| name | self-hosted-runners |
| description | Inspect, recover, and operate this repo's self-hosted GitHub Actions runners across the signing-host, lume-macos, and tart-ui lanes. Use when jobs are queued, runners show offline or busy unexpectedly, release jobs do not start, a Lume runner VM needs recovery, or when you need a host fallback runner on the current machine.
|
Self-Hosted Runners
Use this skill when the problem is runner health, scheduling, or lane ownership rather than repo code.
This repo has three important self-hosted lanes:
signing-host for release signing and notarization
lume-macos for macOS CI and agent execution
tart-ui for UI and perf automation
Quick Start
Summarize GitHub runner inventory, queued jobs, and local runner directories:
./.agents/skills/self-hosted-runners/scripts/summarize_runner_state.py
Include one specific run when a queued or failed run is the immediate problem:
./.agents/skills/self-hosted-runners/scripts/summarize_runner_state.py \
--run-id 24034959203
Probe the lume-macos guest directly over SSH:
./.agents/skills/self-hosted-runners/scripts/probe_lume_runner_guest.py
If lume get does not report the guest IP but direct SSH is known to work:
./.agents/skills/self-hosted-runners/scripts/probe_lume_runner_guest.py \
--ip 192.168.8.233
If you already know the lane is lume-macos, use the Lume guest probe before guessing.
Workflow
1. Inspect the current lane state
- Run
summarize_runner_state.py first.
- Identify which lane is actually blocked:
signing-host, lume-macos, or tart-ui.
- If a specific run is queued or failed, pass
--run-id.
- Read references/recovery-order.md for the standard recovery order.

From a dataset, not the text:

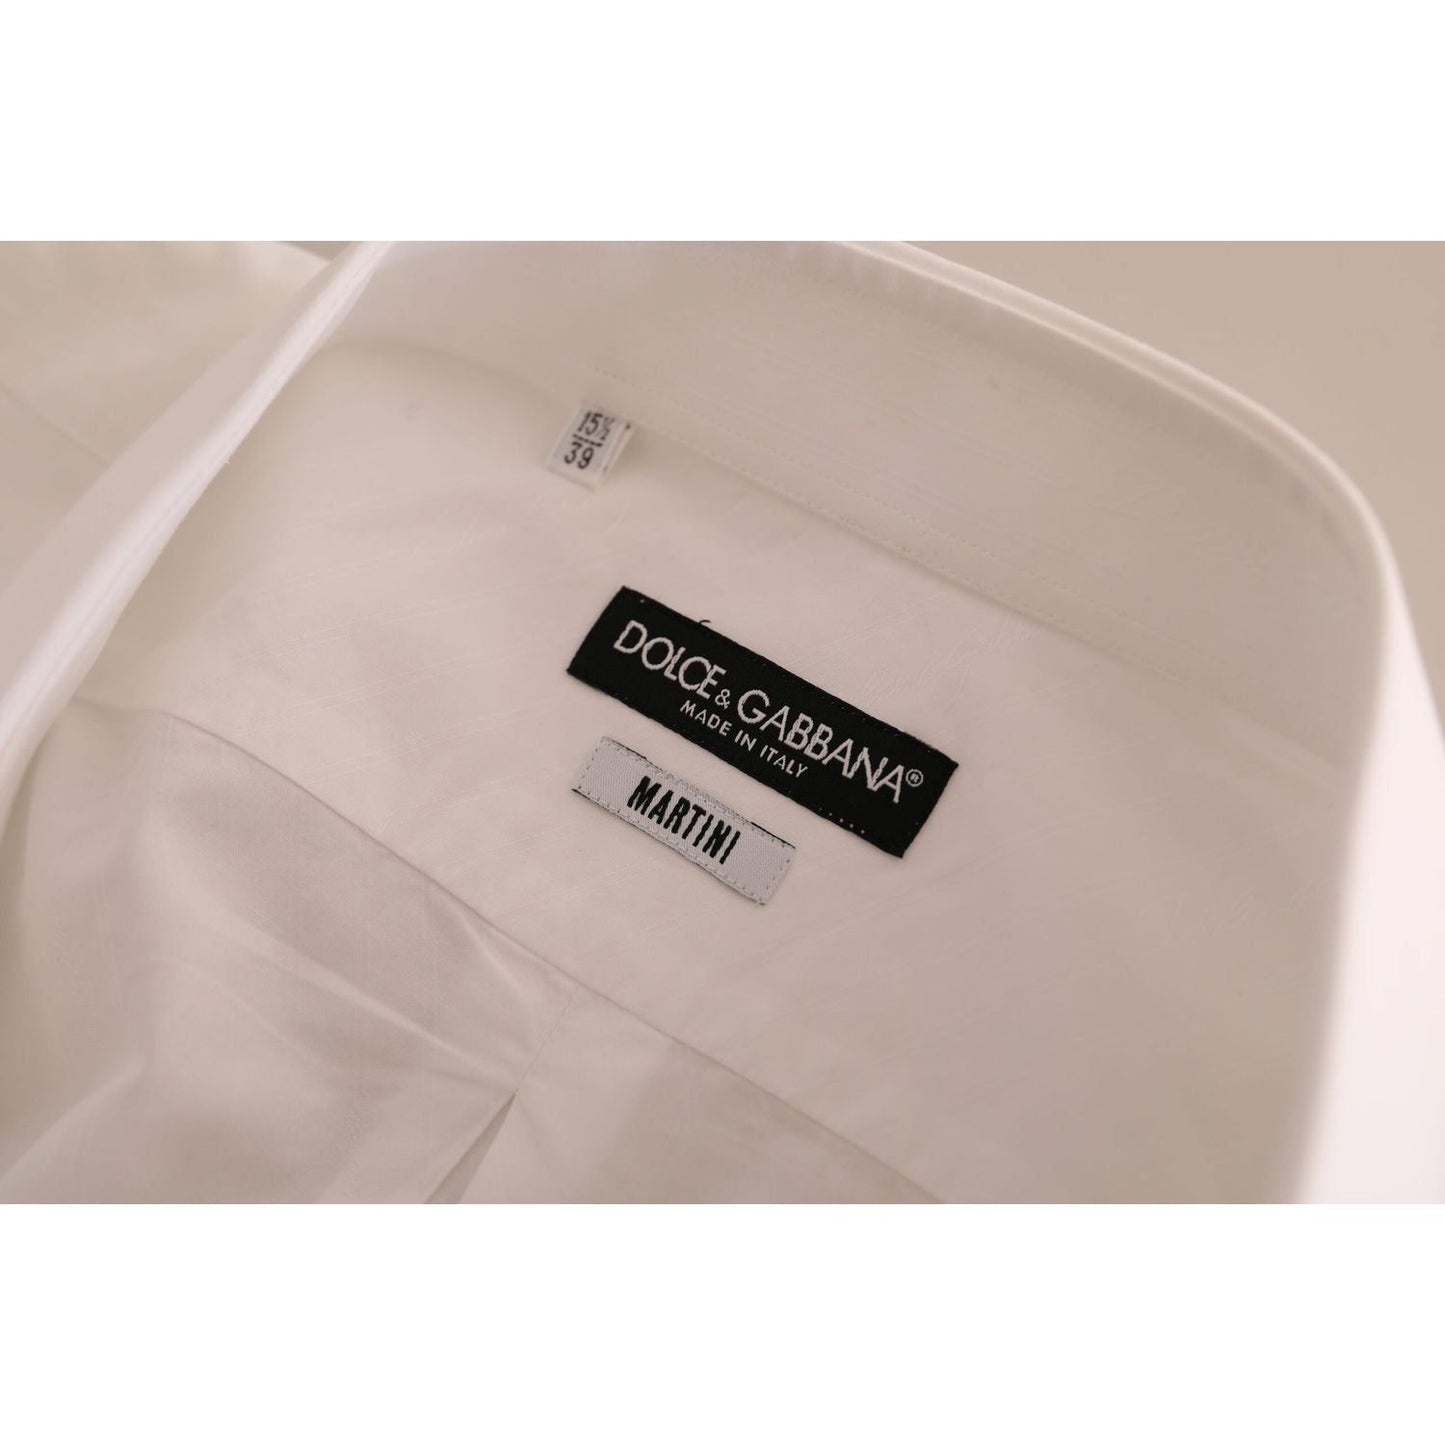 Dolce & Gabbana Elegant White Cotton Martini Dress Shirt white-martini-cotton-dress-formal-shirt
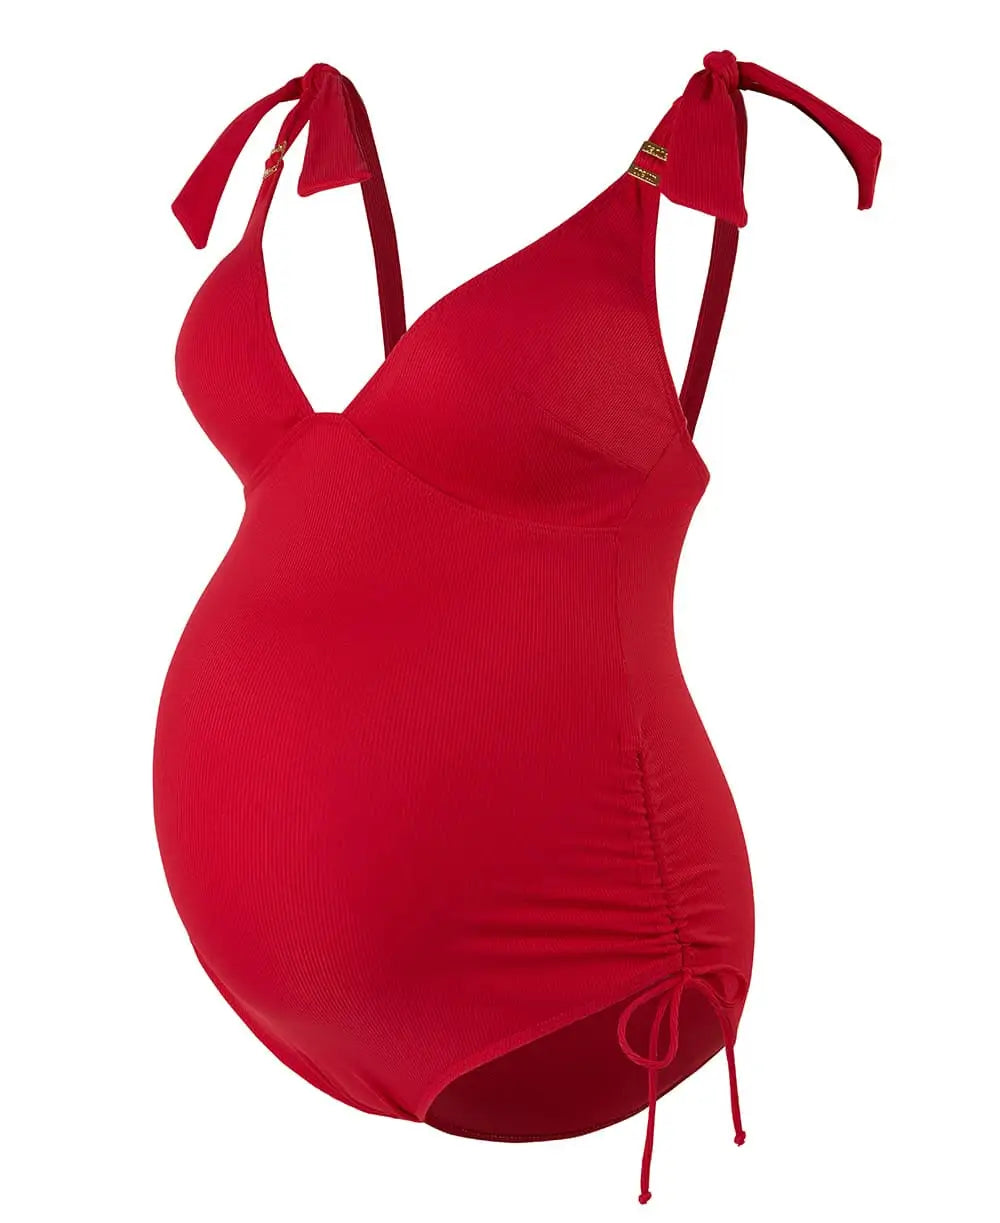 Maternity swimsuit Porto Vecchio red

2. Recover the lane with the smallest safe change
For lume-macos:
- Confirm the VM exists and is running.
- Probe the guest over SSH with
probe_lume_runner_guest.py.
- If the guest runner registration is stale, re-register it.
- If the guest is missing Xcode or is otherwise not build-ready, stop using it for CI and switch to a host fallback runner.
- If a host fallback runner goes online and then flips offline while the local process is still alive, treat that as a host-side communication problem rather than a repo problem.
For signing-host:
- Confirm at least one runner is online with the
signing-host label.
- Start the configured runner on the intended machine.
- Verify the release run lands on that lane before debugging signing details.
For tart-ui:
- Confirm the runner inventory shows an online
tart-ui host.
- Only debug Tart workflow behavior after the runner itself is proven healthy.
3. Use the lane-specific repo runbooks
Primary docs:
docs/development/lume-runner-setup.md
docs/development/signing-runner-setup.md
docs/development/tart-runner-setup.md
Use the skill scripts to narrow the failure mode first, then jump into the lane-specific doc section you need.
4. Interpret the failure before retrying
Read references/failure-signatures.md when the symptoms are ambiguous.
Important patterns:
registration has been deleted: the runner must be re-registered
A session for this runner already exists: a stale session or a still-running local process is blocking a new listener
online then offline while busy: likely host-side communication loss, not a simple label problem
xcode-select points to Command Line Tools and no Xcode.app exists: the Lume guest is not build-ready for macOS CI
5. Prefer stable recovery paths
- Prefer direct SSH into the Lume guest once passwordless SSH works.
- Prefer a fresh host fallback runner name and directory over trying to salvage a strange local runner state.
- Prefer proving that a runner can stay online and accept one job before relying on it for release work.
Standalone Scripts
summarize_runner_state.py
Use for host-plus-GitHub runner triage.
- lists GitHub runner inventory
- lists queued runs
- optionally summarizes one specific run's jobs
- inspects known local runner directories and recent diagnostic signatures
probe_lume_runner_guest.py
Use for lume-macos guest recovery.
- checks VM state from
lume get
- connects over direct SSH when an IP is available
- reports guest OS, Xcode readiness, runner service state, and recent guest runner log signatures
Guardrails
- Do not assume queued means "no runner exists". A runner can be online briefly, accept a session, then lose communication.
- Do not keep rerunning jobs on a Lume guest that is missing Xcode.
- Do not keep reusing a host fallback runner name that has session-conflict behavior. Register a fresh runner name if needed.
- When a runner process is alive locally but GitHub shows it offline, classify that as a host-side problem first.